Exercise details
The pictures stay out. Please retype every line below exactly.

Supplied information
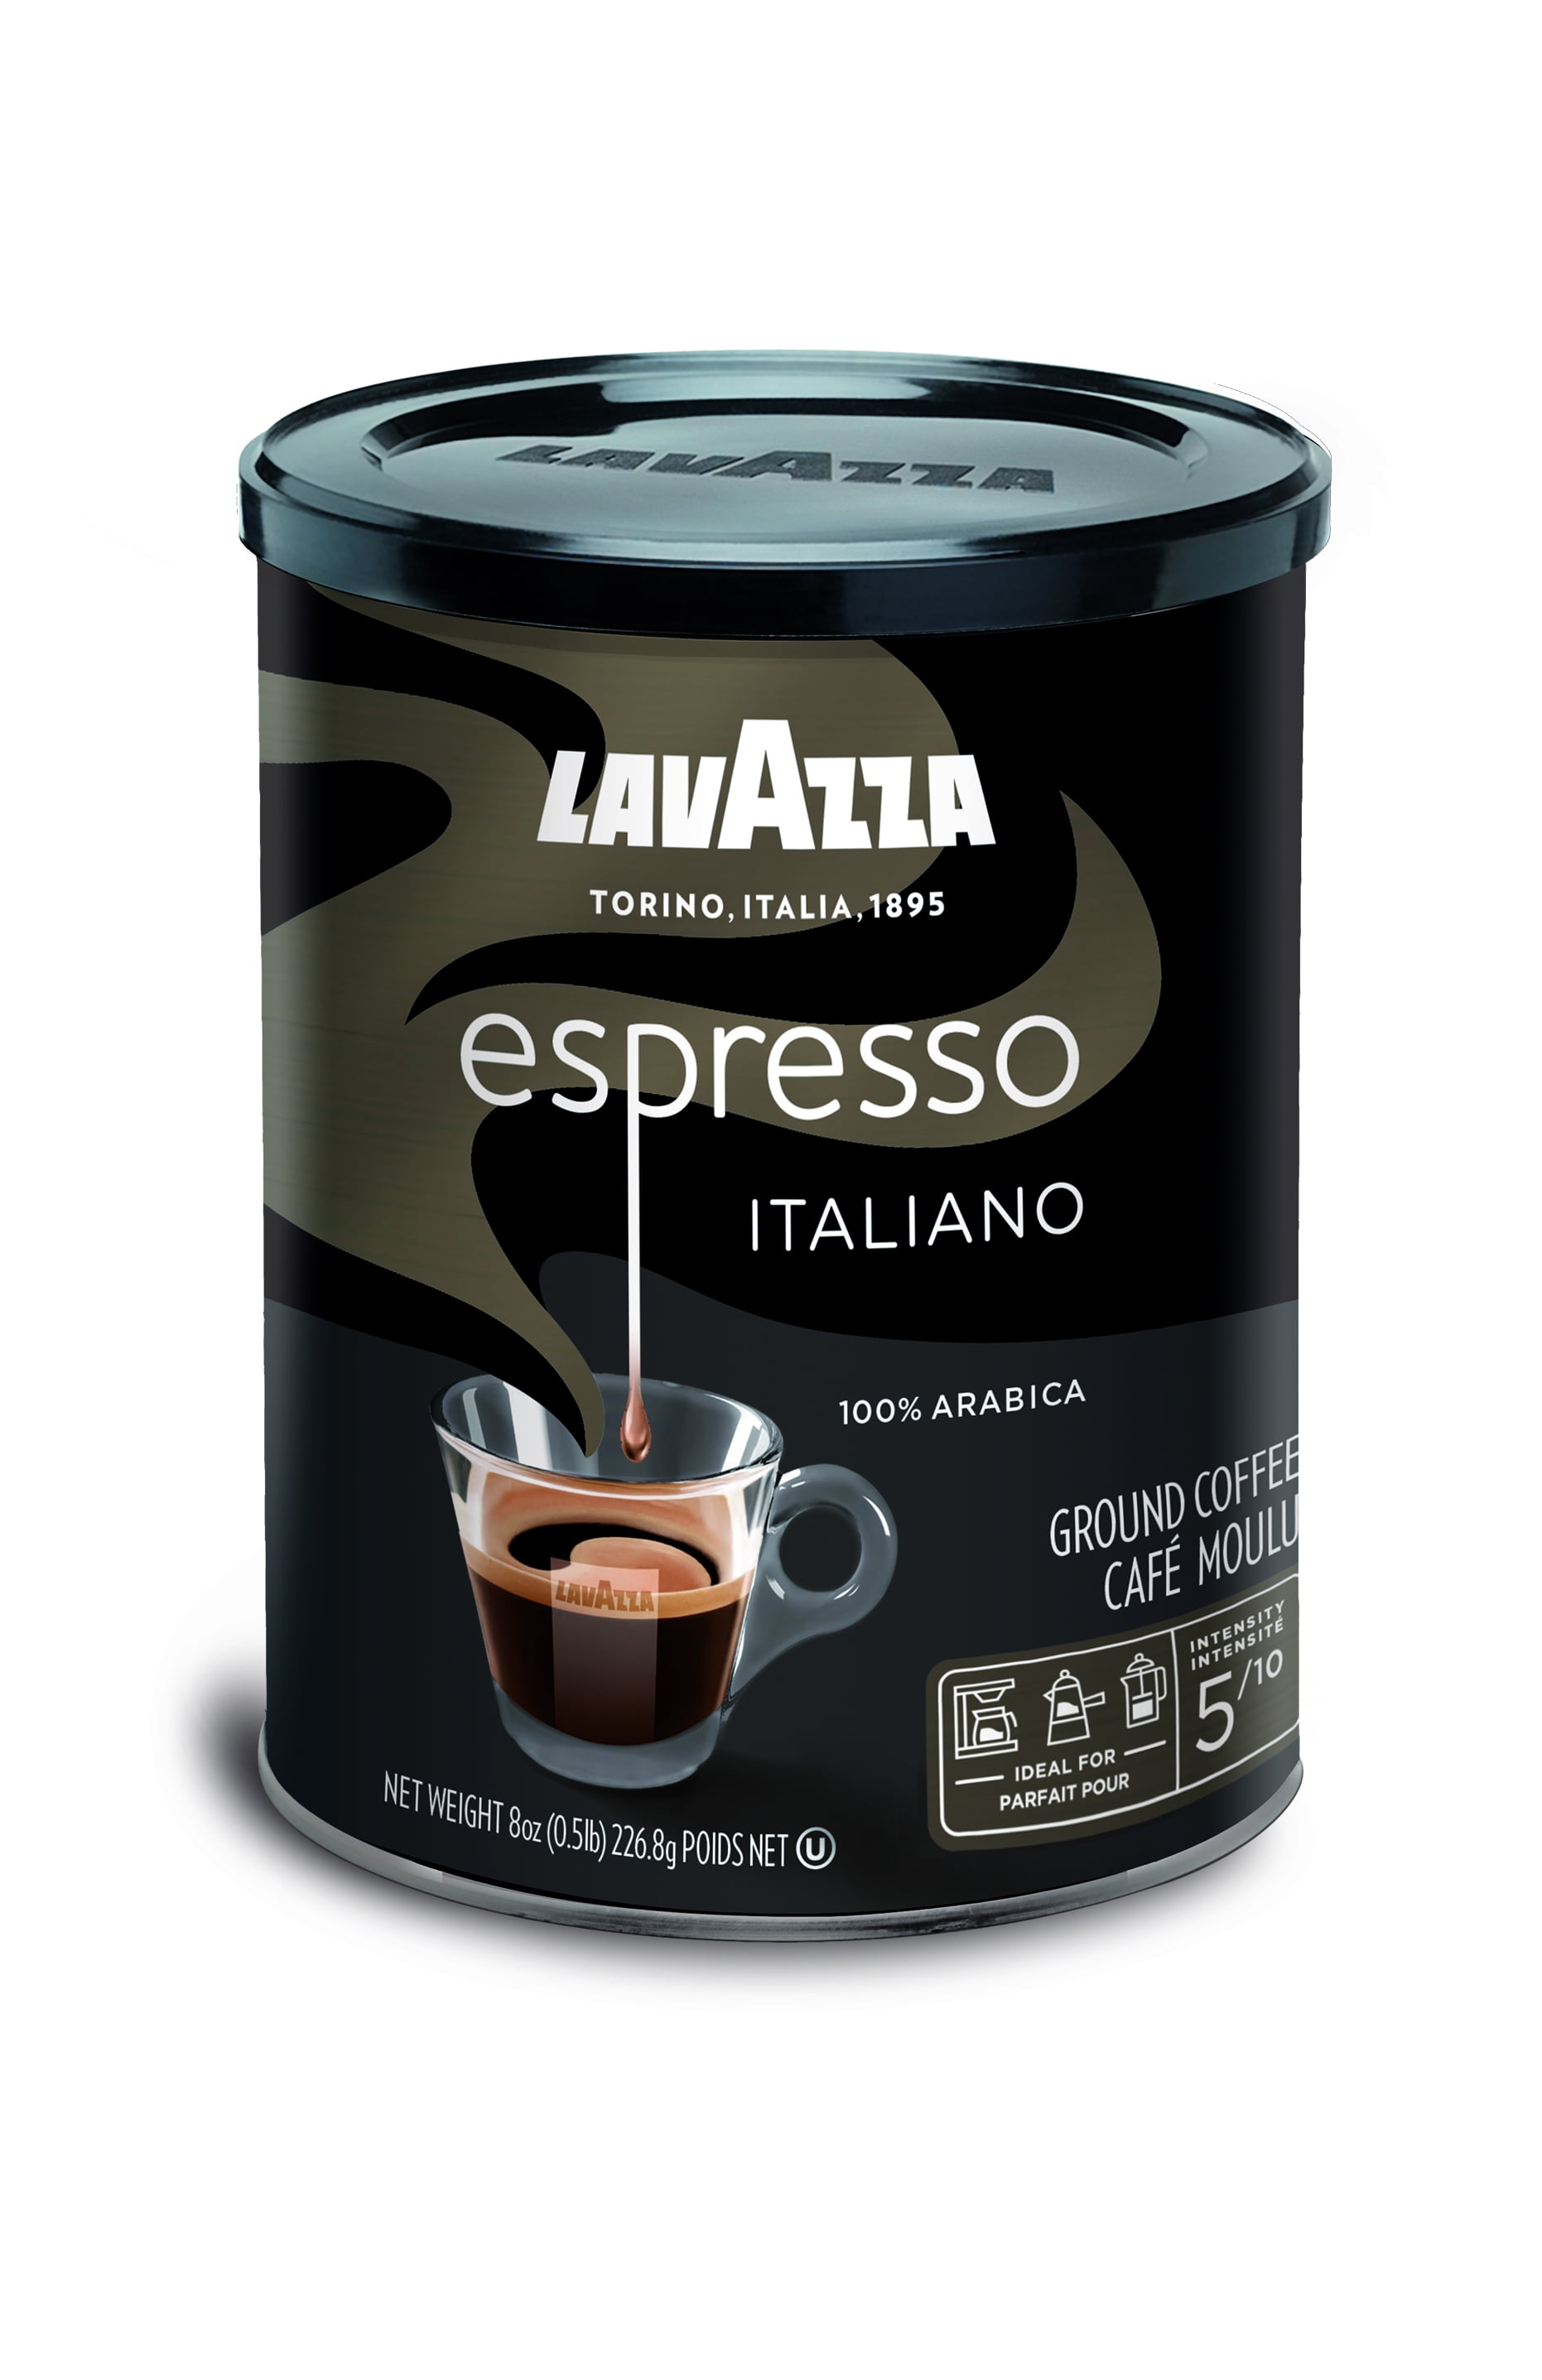 Lavazza Espresso Italiano Ground Coffee Blend, Medium Roast, 8
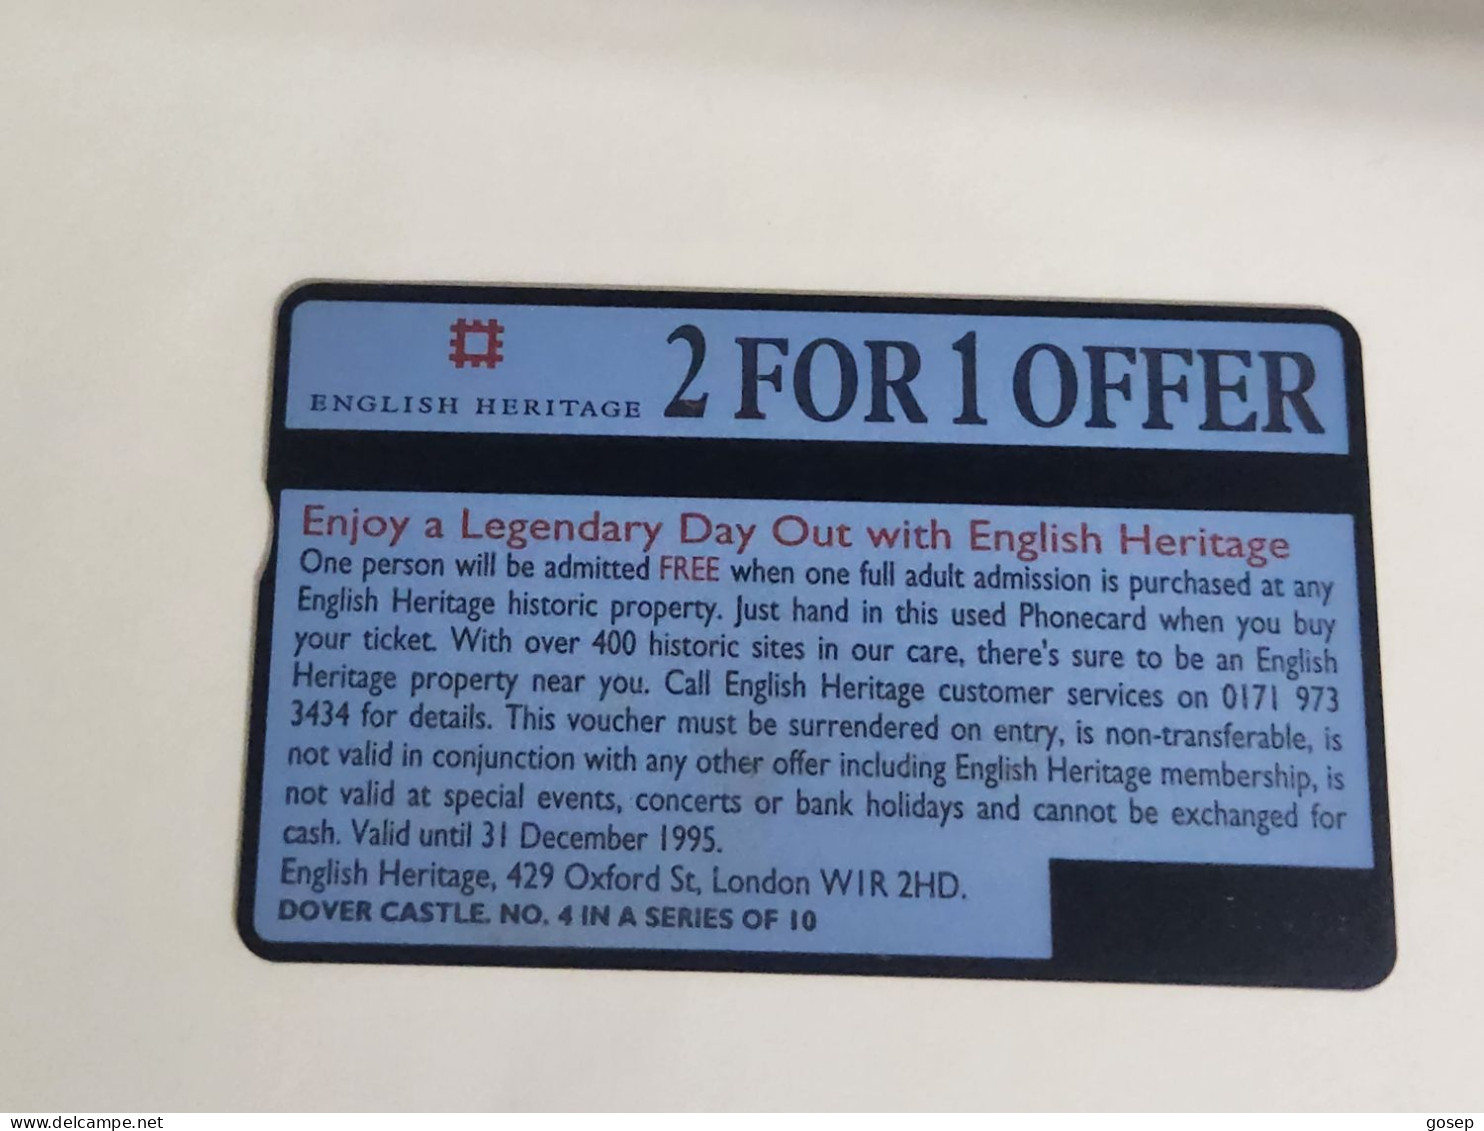 United Kingdom-(BTA116)HERITAGE-Dover Castle-(199)(100units)(577G21046)price Cataloge3.00£-used+1card Prepiad Free - BT Advertising Issues
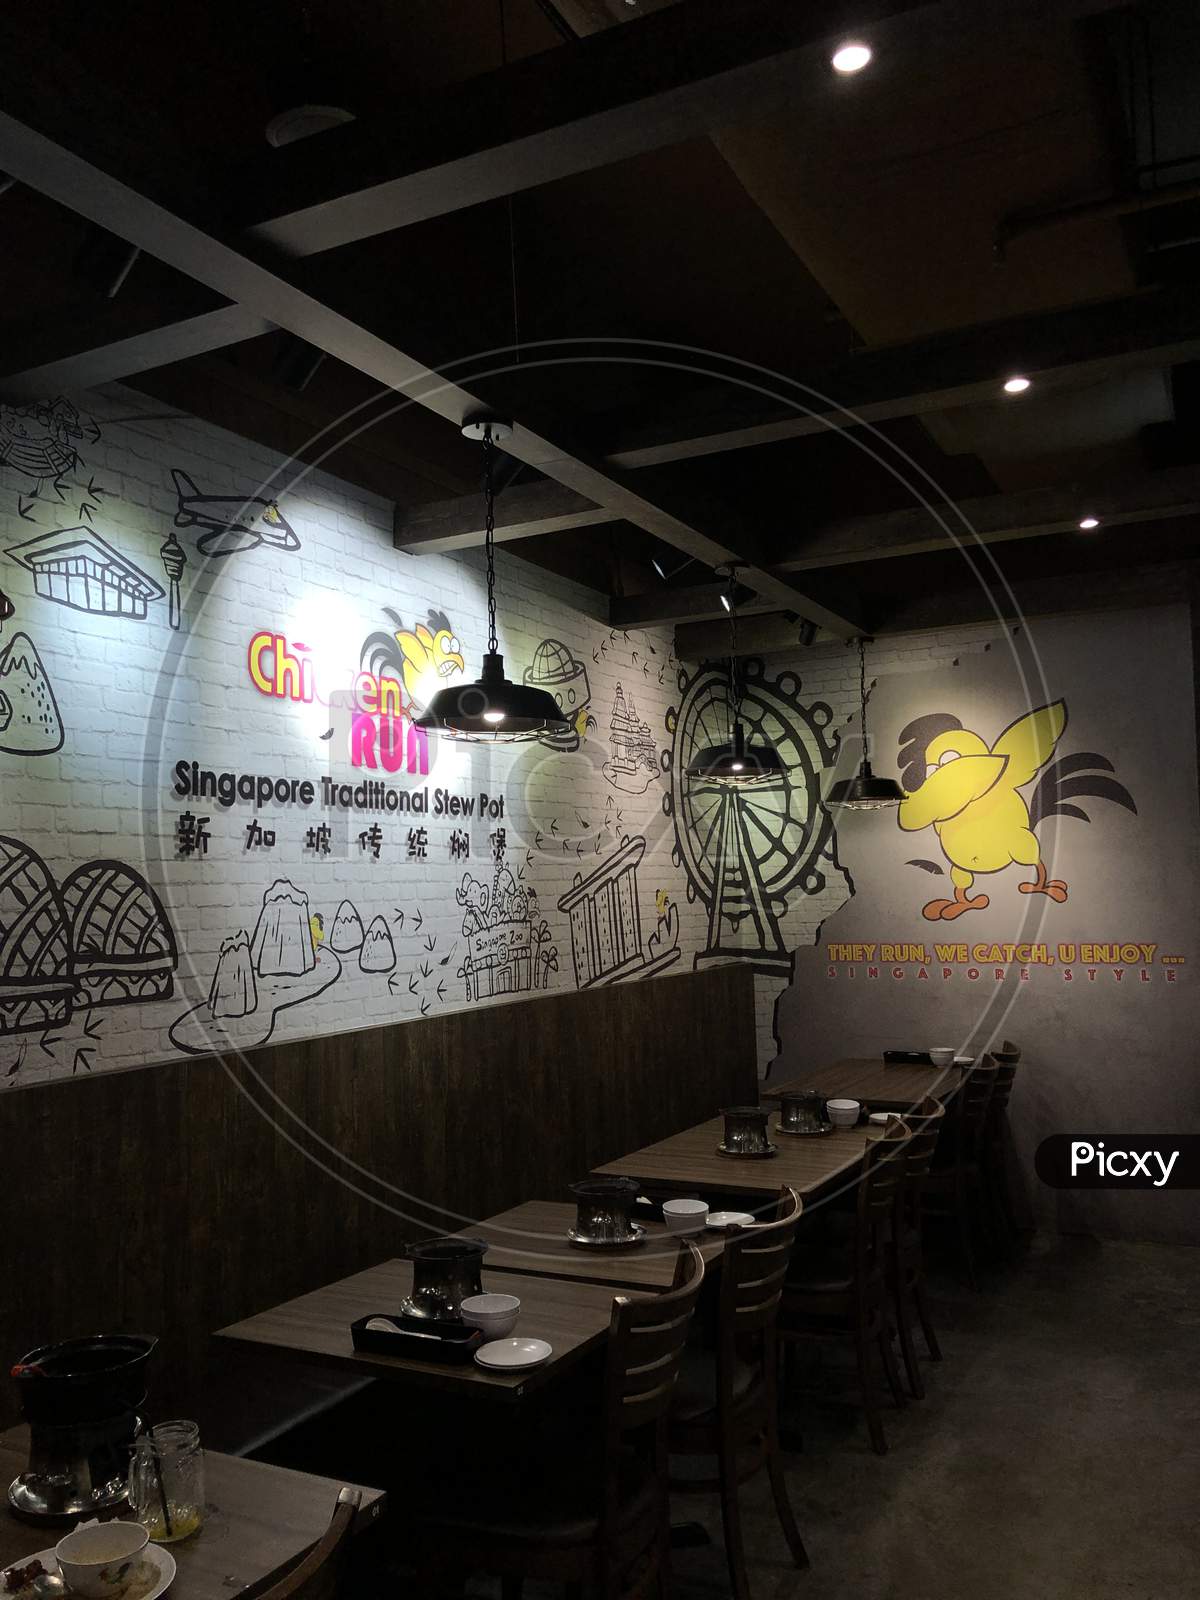 Chicken Run Restaurant at Paya Lebar Square, Singapore.

Response to the exercise
 Lavazza Espresso Italiano Ground Coffee Blend, Medium Roast, 8
 United Kingdom-(BTA116)HERITAGE-Dover Castle-(199)(100units)(577G21046)price Cataloge3.00£-used+1card Prepiad Free - BT Advertising Issues
 Chicken Run Restaurant at Paya Lebar Square, Singapore.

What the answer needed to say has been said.